HD 173780

Observation data Epoch J2000.0 Equinox ICRS
- Constellation: Lyra
- Right ascension: 18^{h} 46^{m} 04.47950^{s}
- Declination: +26° 39′ 43.6644″
- Apparent magnitude (V): +4.84

Characteristics
- Evolutionary stage: Horizontal branch
- Spectral type: K3III
- B−V color index: 1.20

Astrometry
- Radial velocity (R_{v}): −16.92±0.17 km/s
- Proper motion (μ): RA: +17.460 mas/yr Dec.: +23.819 mas/yr
- Parallax (π): 13.7599±0.1315 mas
- Distance: 237 ± 2 ly (72.7 ± 0.7 pc)
- Absolute magnitude (M_{V}): 0.37

Details
- Mass: 1.70 M_{☉}
- Radius: 16.38+0.22 −0.47 R_{☉}
- Luminosity: 91.5±1.0 L_{☉}
- Surface gravity (log g): 2.42±0.08 cgs
- Temperature: 4,468±19 K
- Metallicity [Fe/H]: −0.04±0.05 dex
- Rotational velocity (v sin i): 3.8 km/s
- Age: 2.42 Gyr
- Other designations: BD+26°3349, HD 173780, HIP 92088, HR 7064, SAO 86418

Database references
- SIMBAD: data

= HD 173780 =

Star in the constellation Lyra

HD 173780 is a single star in the northern constellation Lyra, near the southern constellation border with Hercules. It is an orange-hued star that is faintly visible to the naked eye with an apparent visual magnitude of +4.84. This object is located at a distance of approximately 237 light years from the Sun based on parallax, but is drifting closer with a radial velocity of −17 km/s.
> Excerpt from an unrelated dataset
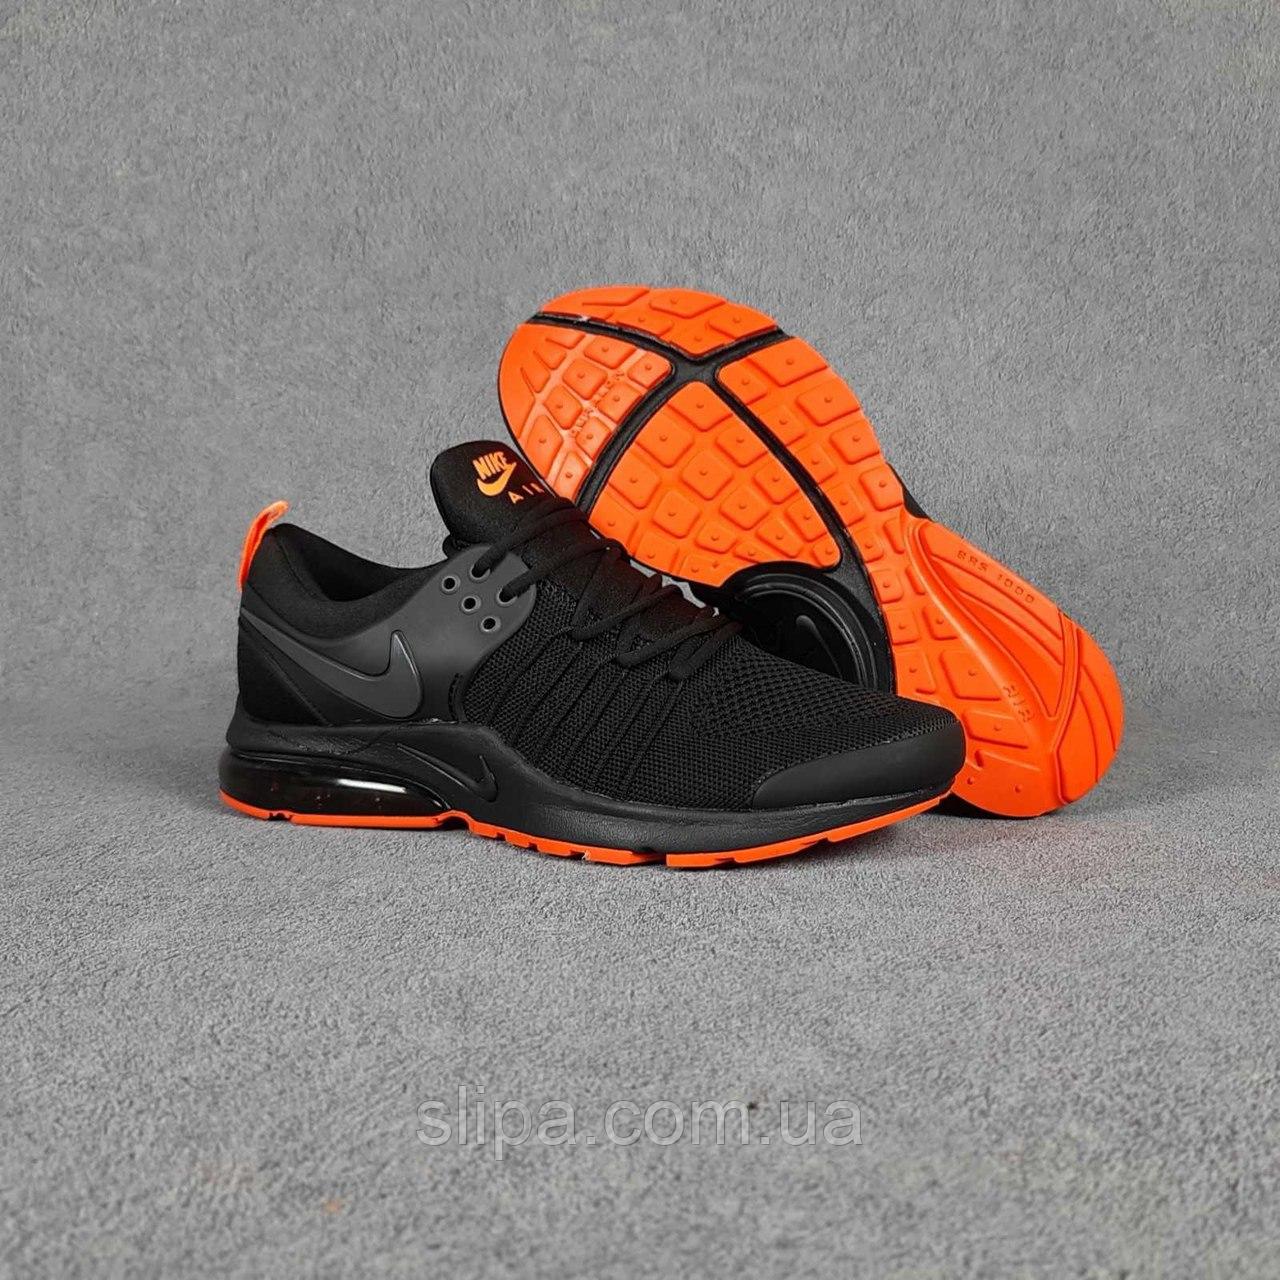 Чёрные мужские кроссовки в сетку Nike Air Presto на чёрной подошве   Вьетнам   сетка + пена

This is an aging giant star with a stellar classification of K3III. It is a red clump giant, indicating it is on the horizontal branch and is generating energy through the fusion of helium at its core. The star is 2.4 billion years old with 1.7 times the mass of the Sun. With the supply of hydrogen exhausted at its core, it has expanded to 16 times the radius of the Sun. The star is radiating 92 times the luminosity of the Sun from its enlarged photosphere at an effective temperature of 4,468 K.